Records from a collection
◇ ◇ ◇ ◇

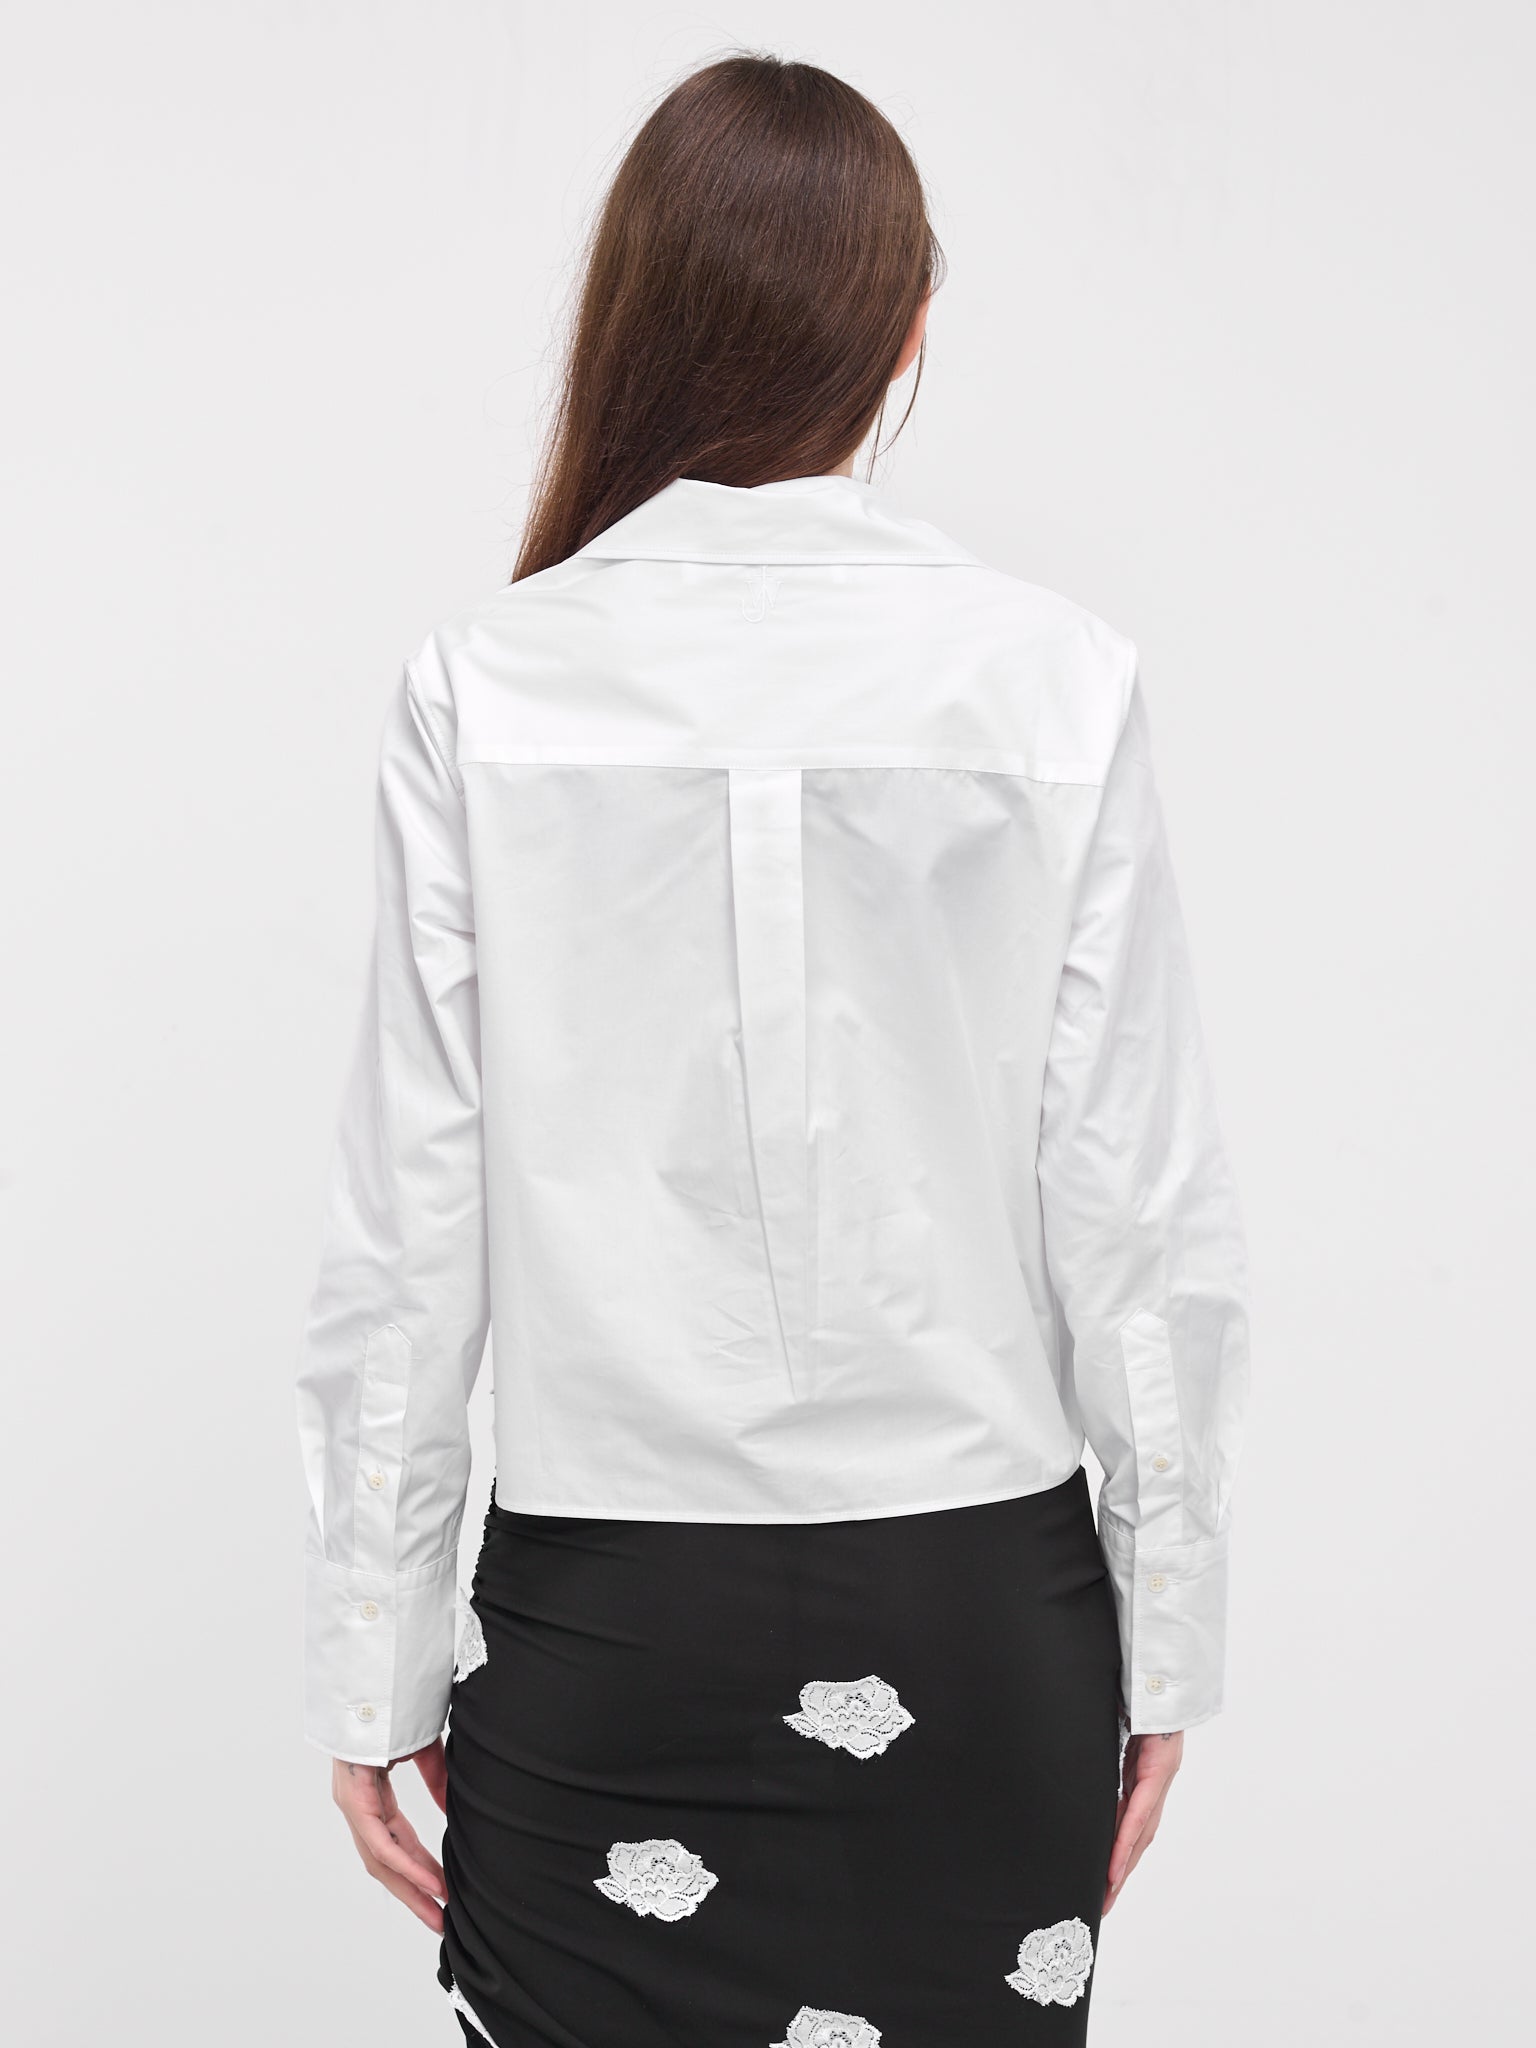 Bow Tie Cropped Shirt (SH0312-PG1090-WHITE)
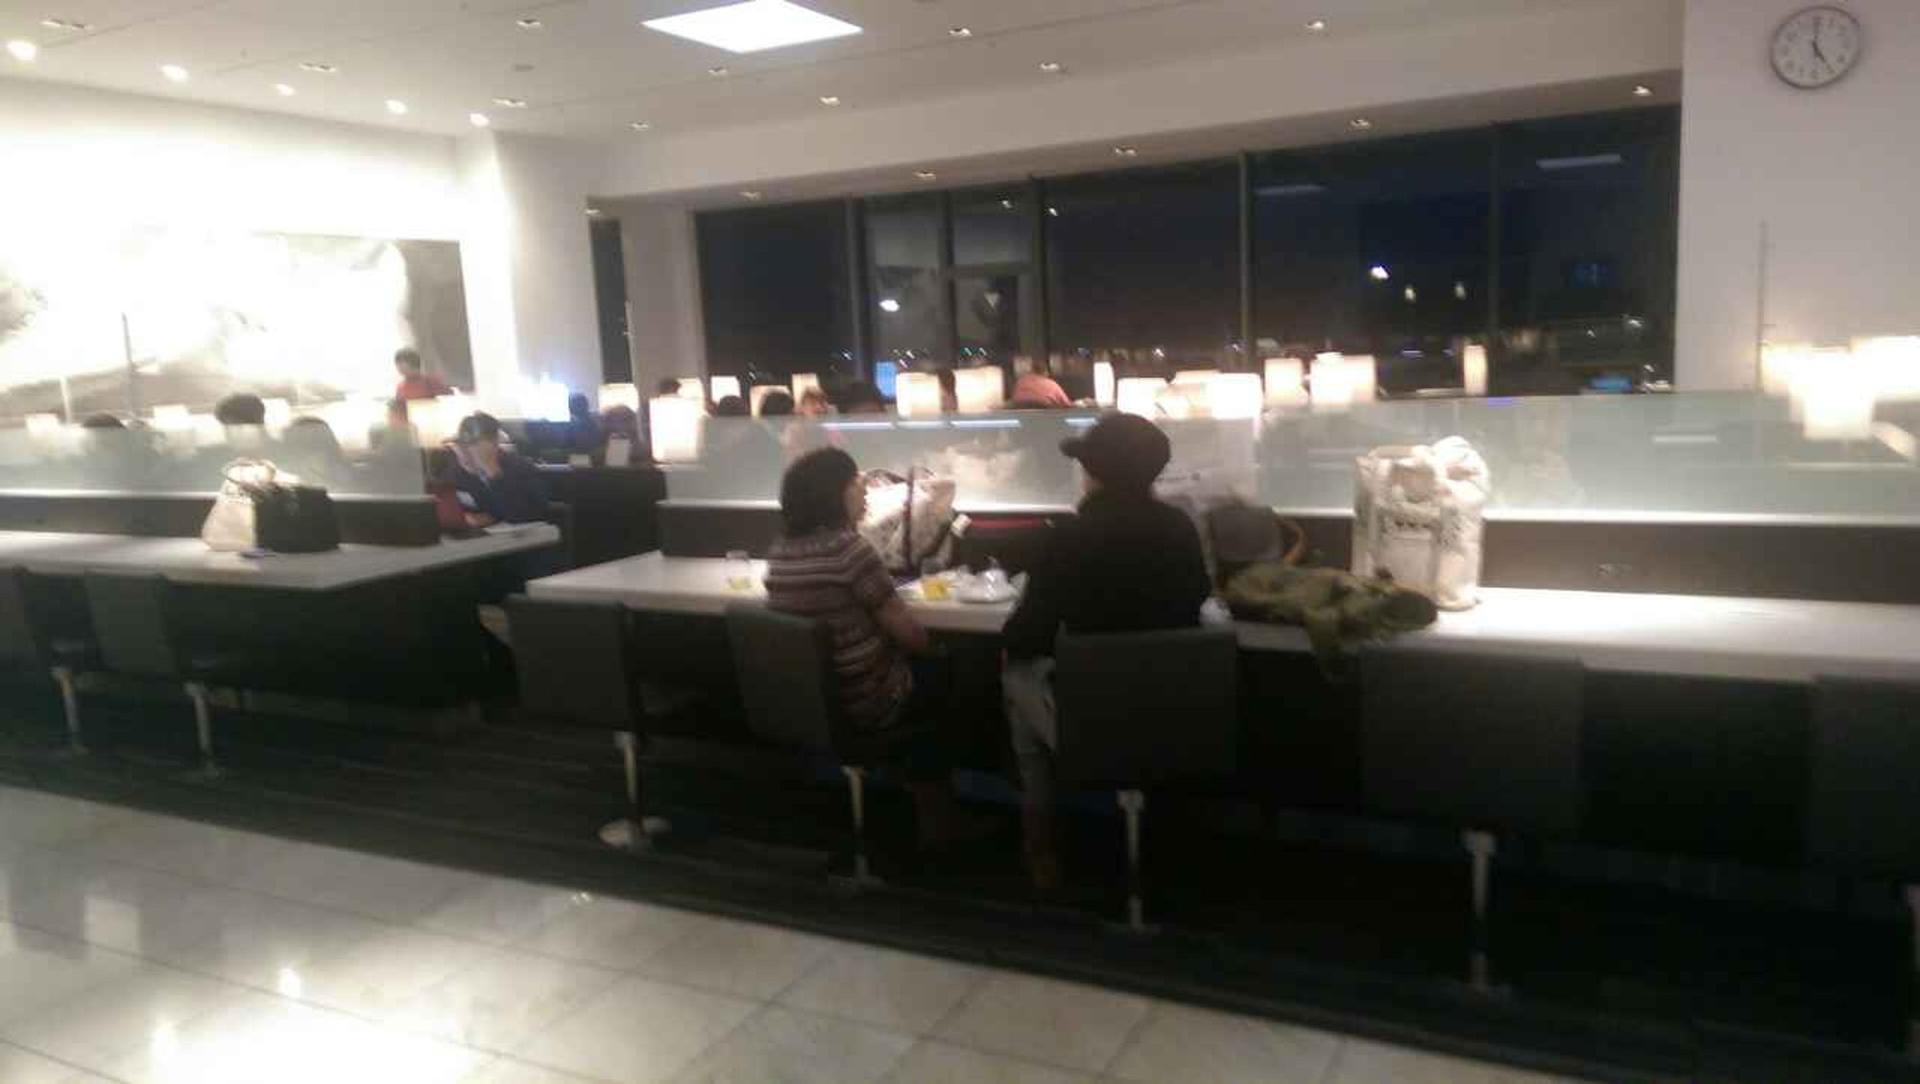 All Nippon Airways ANA Lounge image 8 of 39
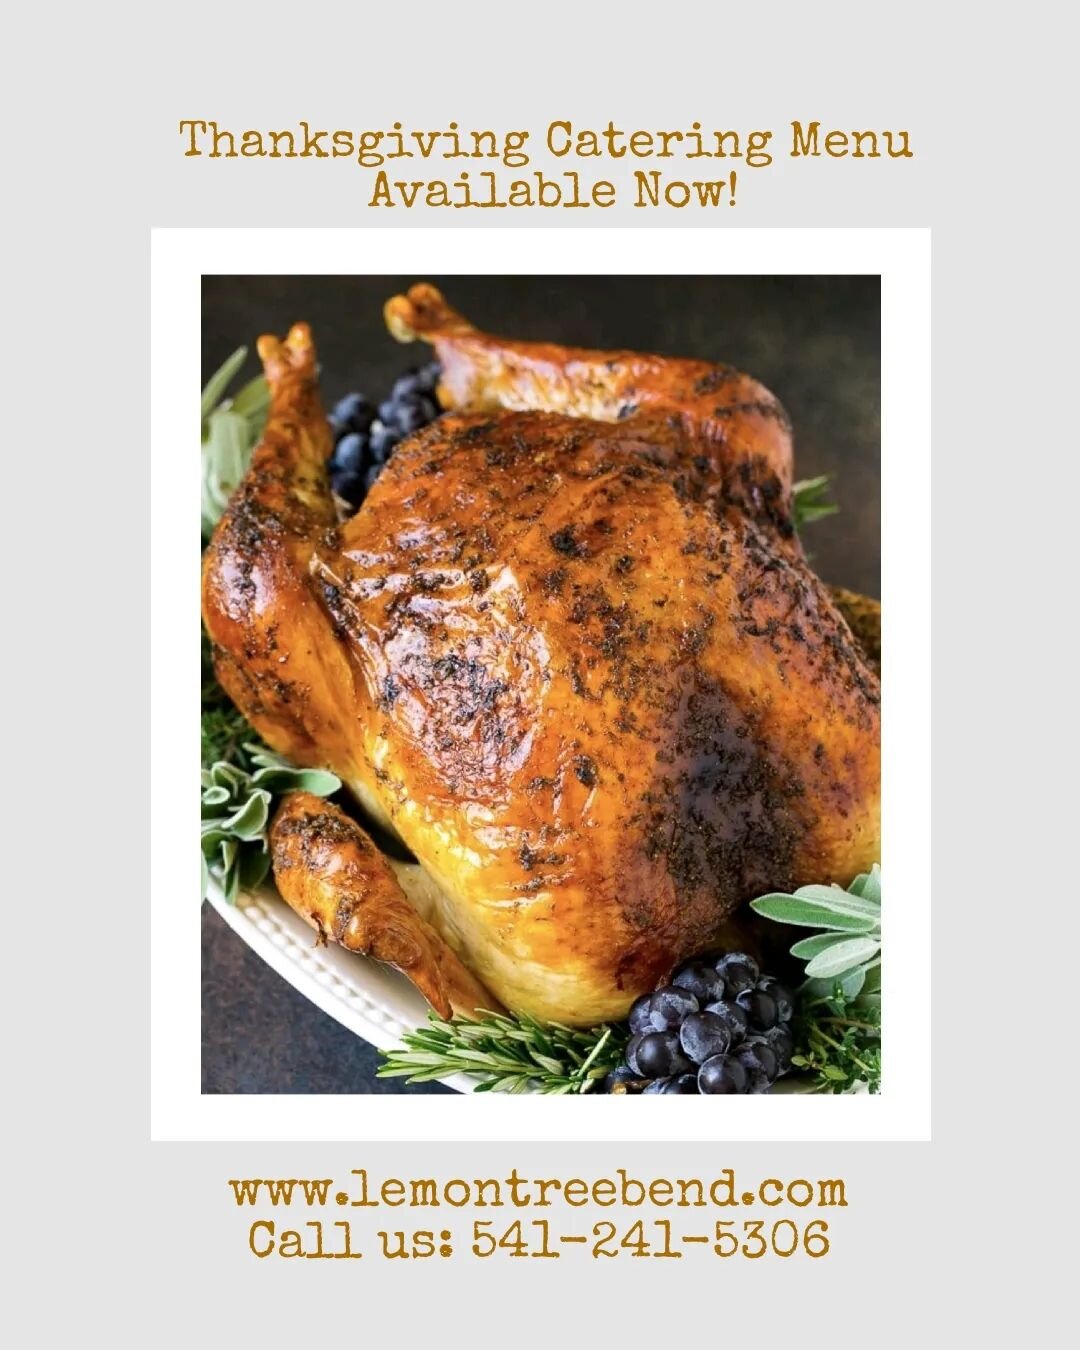 Enjoy  a beautiful Thanksgiving dinner without  lifting a finger.
Let The Lemon Tree Chefs prepare it for you and your love ones!
💗🍋
#downtownbend
#bend #bendoregon #deschutes #bendlife #bestofbend #ilovebend #amazing #beautiful #foodandwine #foodi

◇ ◇ ◇ ◇

WORK REQUEST
Copy out all the data exactly. No images belong in the copy.

RESULT
 Bow Tie Cropped Shirt (SH0312-PG1090-WHITE)
 All Nippon Airways ANA Lounge image 8 of 39
 Enjoy  a beautiful Thanksgiving dinner without  lifting a finger.
Let The Lemon Tree Chefs prepare it for you and your love ones!
💗🍋
#downtownbend
#bend #bendoregon #deschutes #bendlife #bestofbend #ilovebend #amazing #beautiful #foodandwine #foodi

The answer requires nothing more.